> _Work to be completed_
The copy you give must match the listing below exactly and contain no pictures.

[Opening Exercise data section]

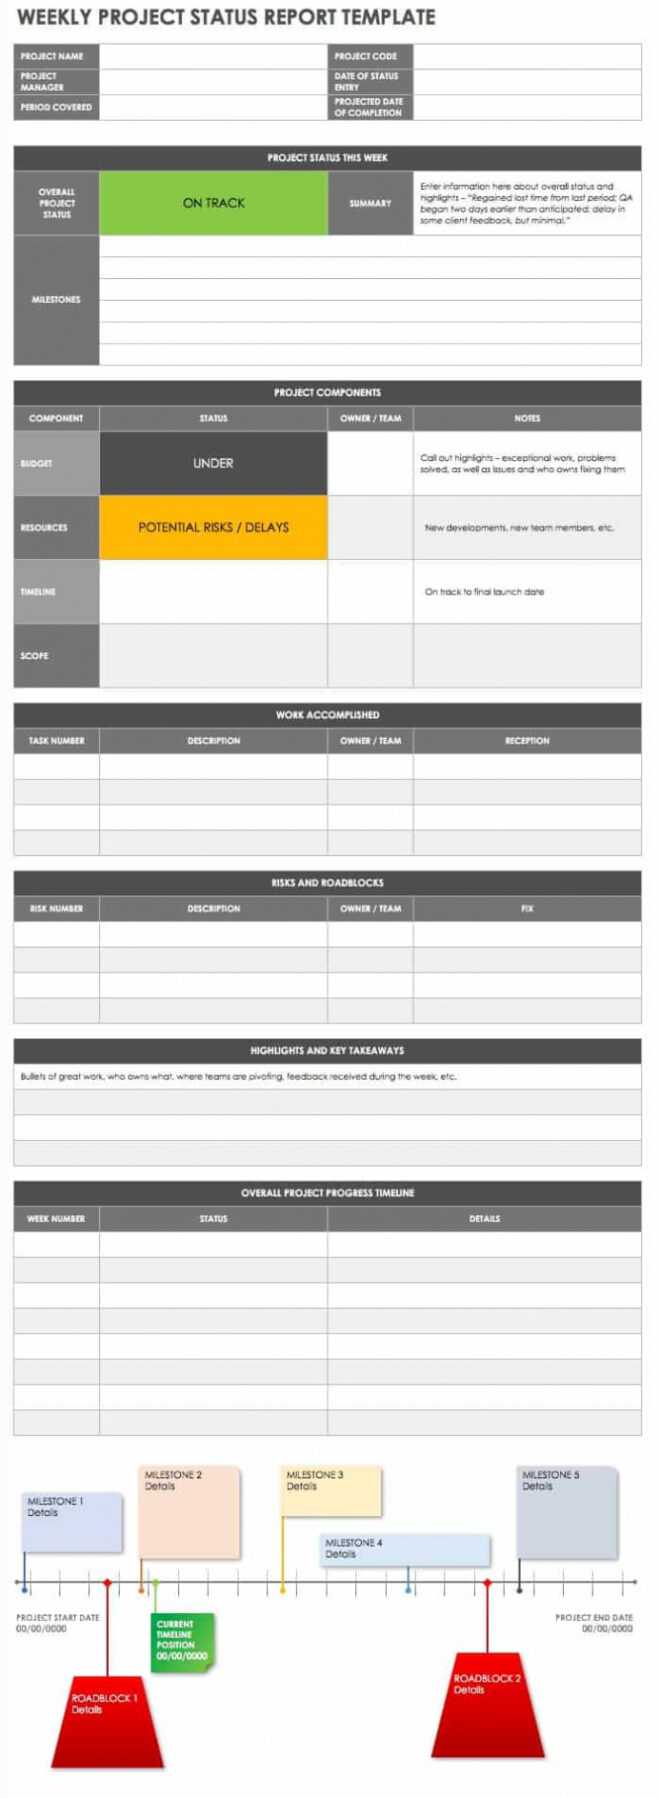 Free Project Status Templates | Smartsheet throughout Project Weekly Status Report Template Excel
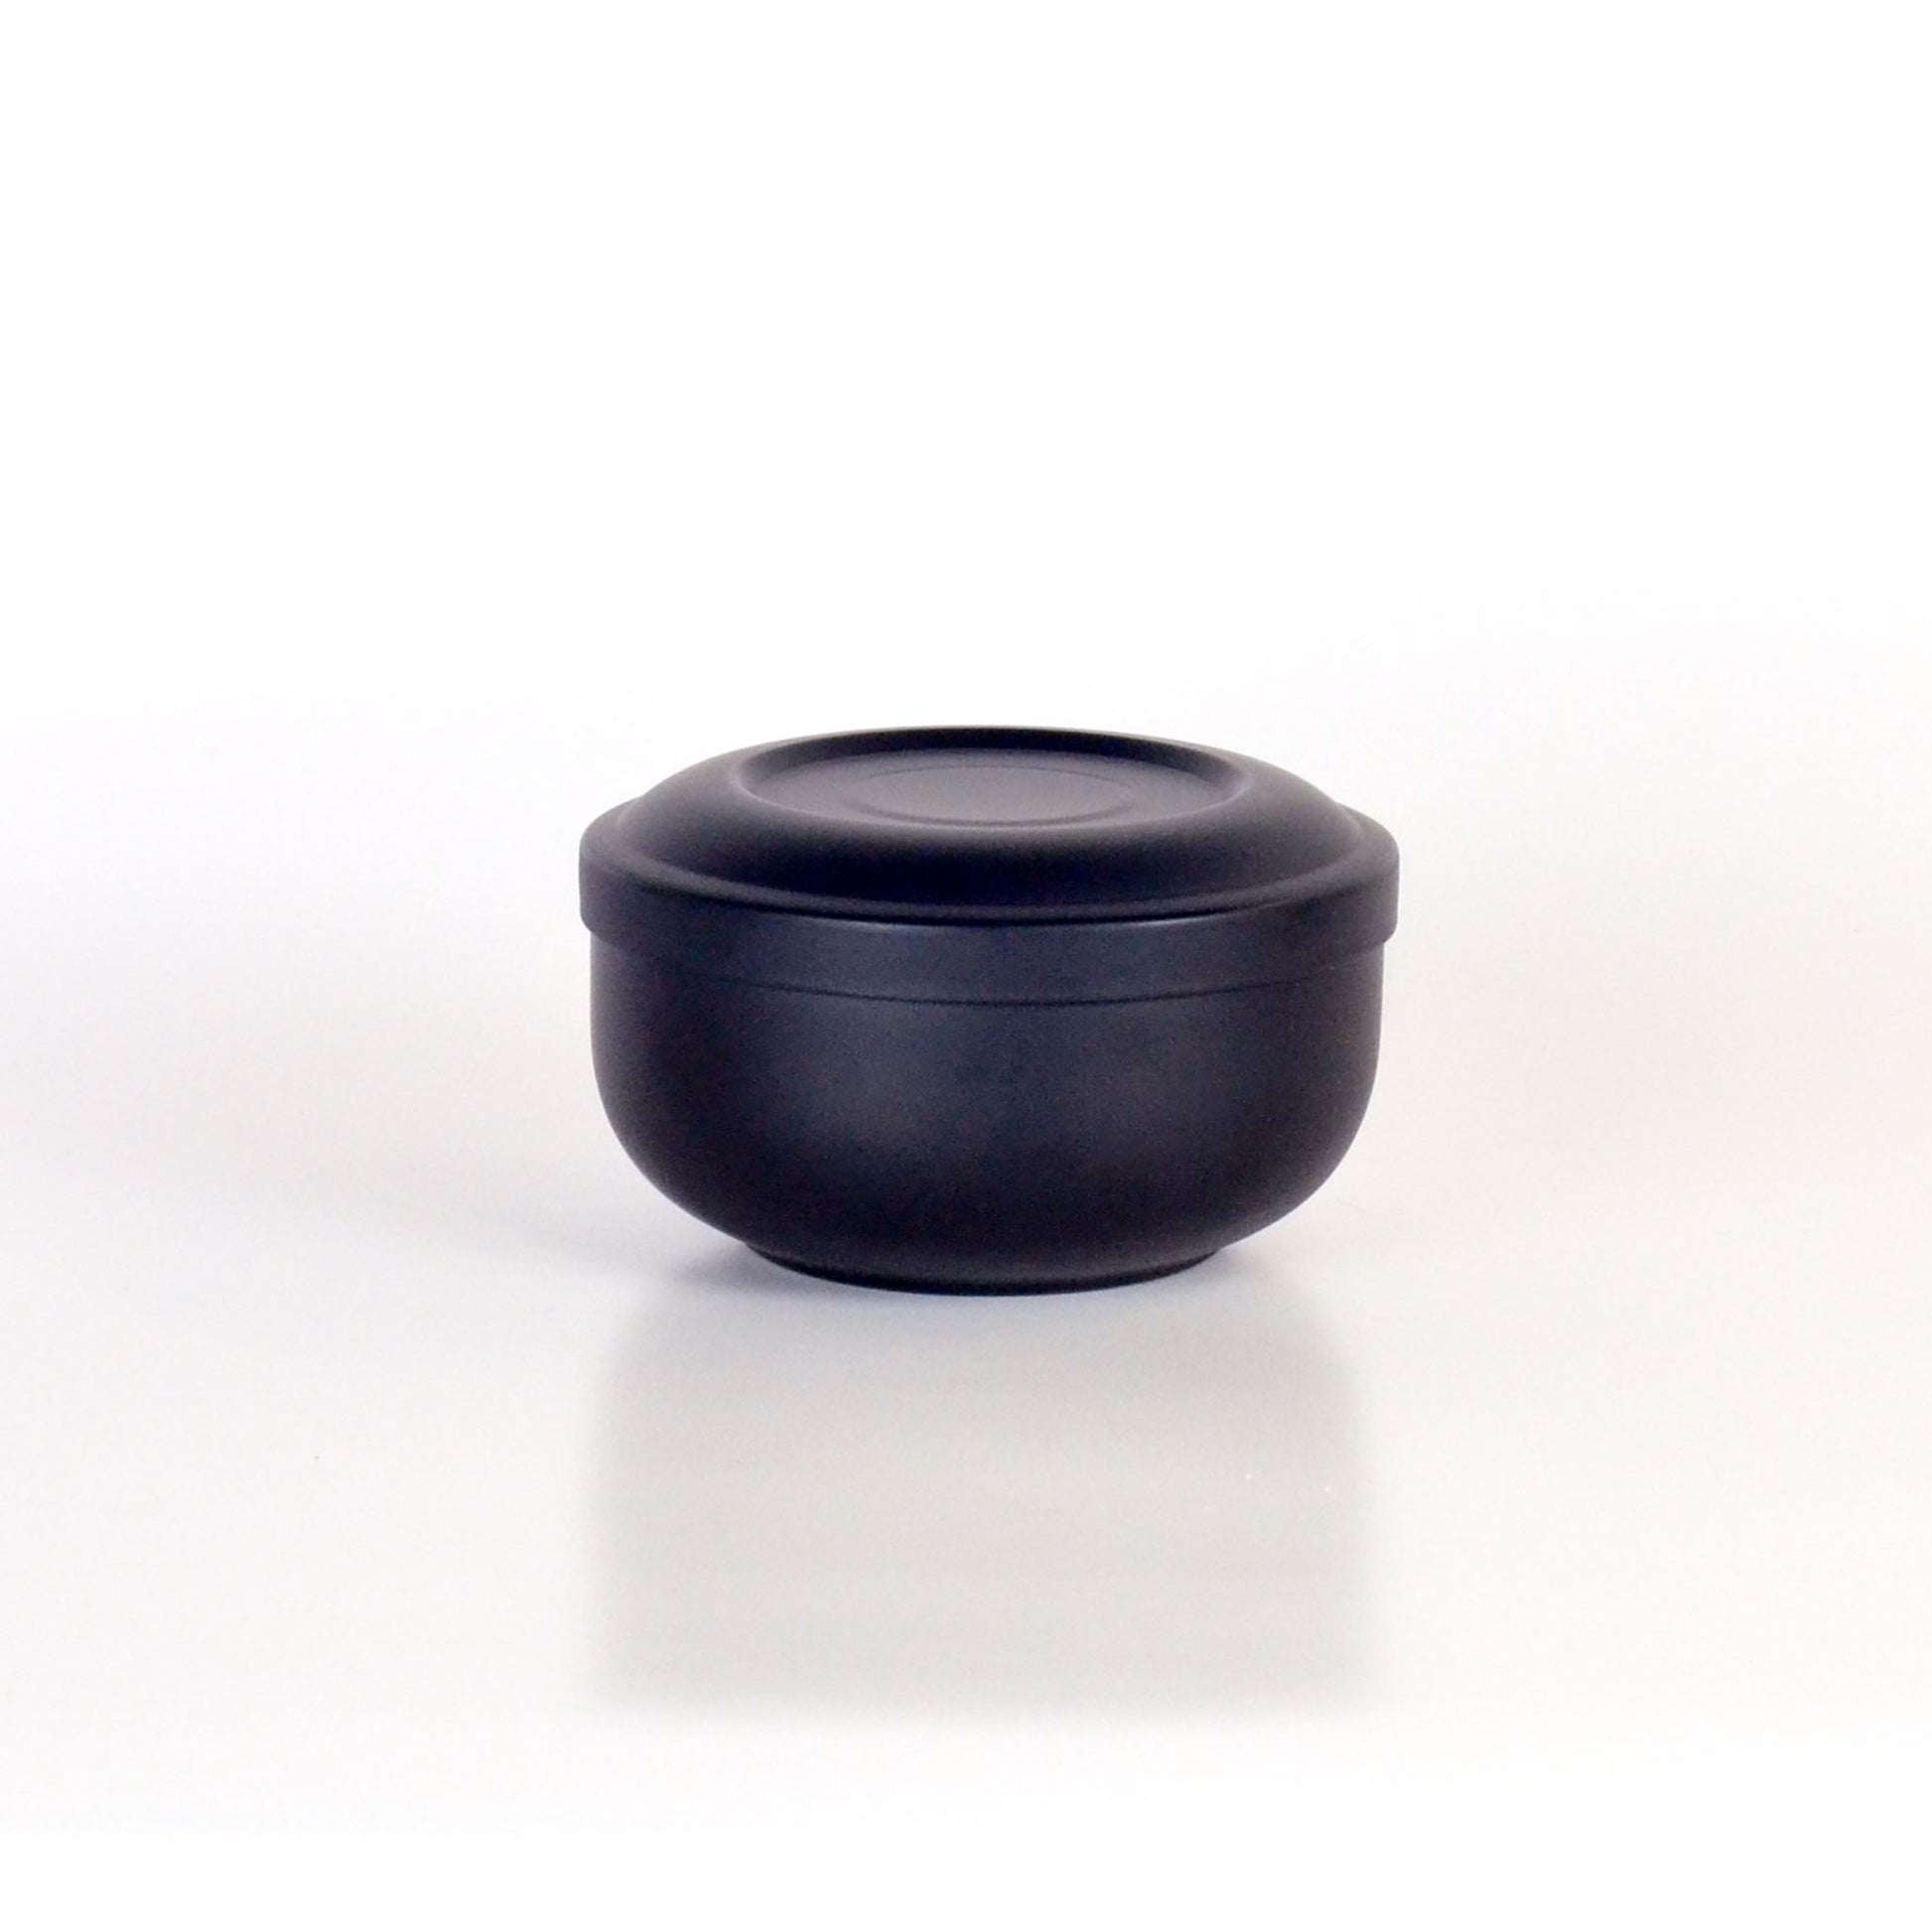 Classic stainless steel shaving bowl in matte black with snug lid
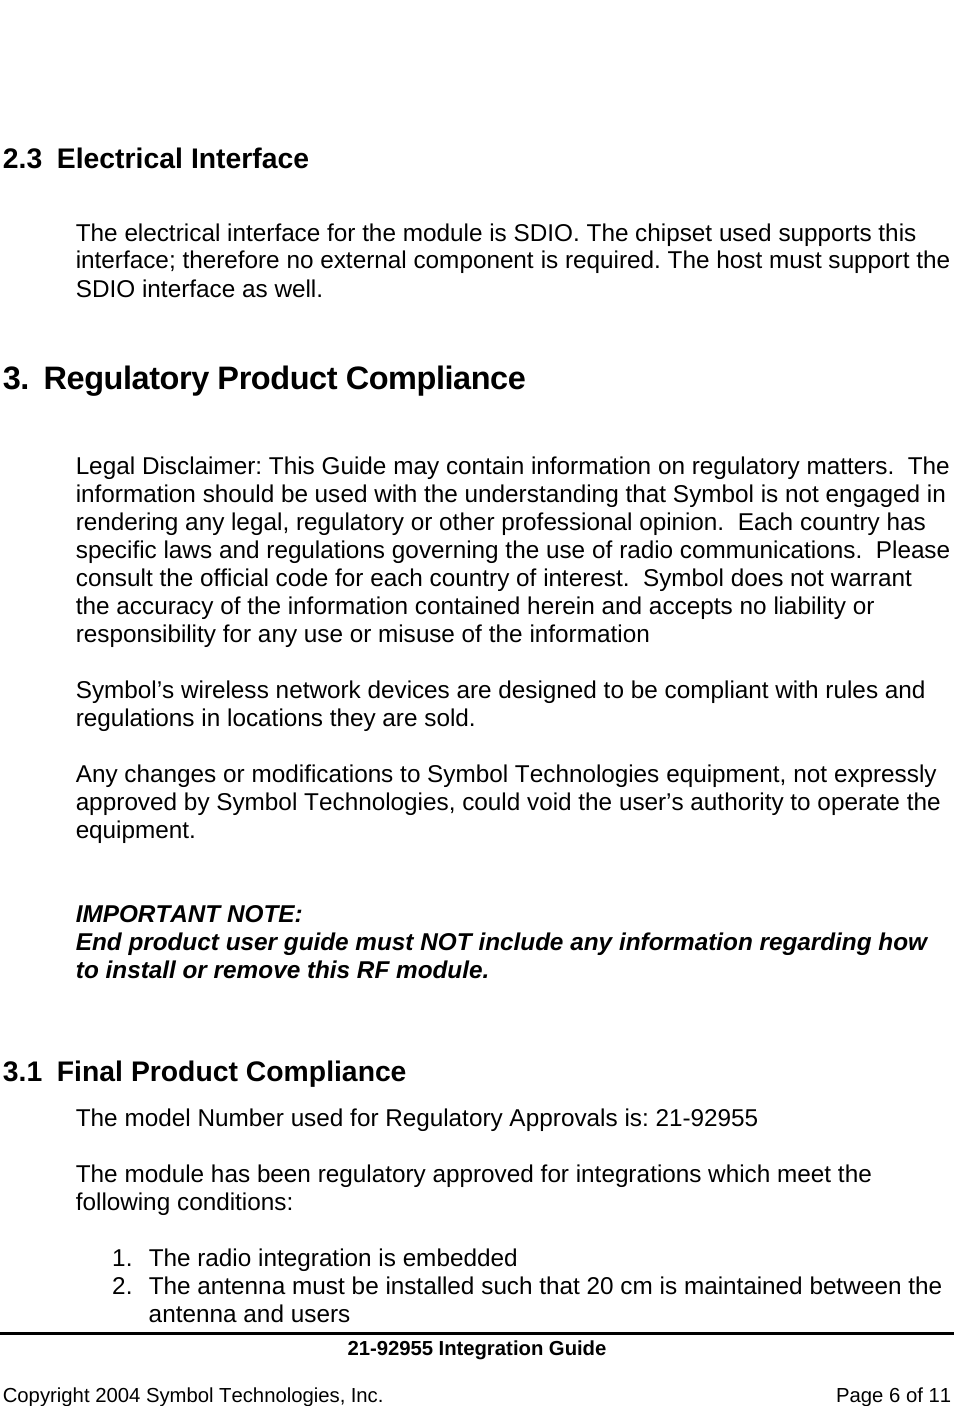     21-92955 Integration Guide  Copyright 2004 Symbol Technologies, Inc.    Page 6 of 11    2.3 Electrical Interface  The electrical interface for the module is SDIO. The chipset used supports this interface; therefore no external component is required. The host must support the SDIO interface as well.   3. Regulatory Product Compliance  Legal Disclaimer: This Guide may contain information on regulatory matters.  The information should be used with the understanding that Symbol is not engaged in rendering any legal, regulatory or other professional opinion.  Each country has specific laws and regulations governing the use of radio communications.  Please consult the official code for each country of interest.  Symbol does not warrant the accuracy of the information contained herein and accepts no liability or responsibility for any use or misuse of the information  Symbol’s wireless network devices are designed to be compliant with rules and regulations in locations they are sold.   Any changes or modifications to Symbol Technologies equipment, not expressly approved by Symbol Technologies, could void the user’s authority to operate the equipment.   IMPORTANT NOTE:  End product user guide must NOT include any information regarding how to install or remove this RF module.   3.1  Final Product Compliance The model Number used for Regulatory Approvals is: 21-92955  The module has been regulatory approved for integrations which meet the following conditions:  1.  The radio integration is embedded 2.  The antenna must be installed such that 20 cm is maintained between the antenna and users

[Closing Exercise data section]

> _Expected answer_
 Free Project Status Templates | Smartsheet throughout Project Weekly Status Report Template Excel
 Classic stainless steel shaving bowl in matte black with snug lid
     21-92955 Integration Guide  Copyright 2004 Symbol Technologies, Inc.    Page 6 of 11    2.3 Electrical Interface  The electrical interface for the module is SDIO. The chipset used supports this interface; therefore no external component is required. The host must support the SDIO interface as well.   3. Regulatory Product Compliance  Legal Disclaimer: This Guide may contain information on regulatory matters.  The information should be used with the understanding that Symbol is not engaged in rendering any legal, regulatory or other professional opinion.  Each country has specific laws and regulations governing the use of radio communications.  Please consult the official code for each country of interest.  Symbol does not warrant the accuracy of the information contained herein and accepts no liability or responsibility for any use or misuse of the information  Symbol’s wireless network devices are designed to be compliant with rules and regulations in locations they are sold.   Any changes or modifications to Symbol Technologies equipment, not expressly approved by Symbol Technologies, could void the user’s authority to operate the equipment.   IMPORTANT NOTE:  End product user guide must NOT include any information regarding how to install or remove this RF module.   3.1  Final Product Compliance The model Number used for Regulatory Approvals is: 21-92955  The module has been regulatory approved for integrations which meet the following conditions:  1.  The radio integration is embedded 2.  The antenna must be installed such that 20 cm is maintained between the antenna and users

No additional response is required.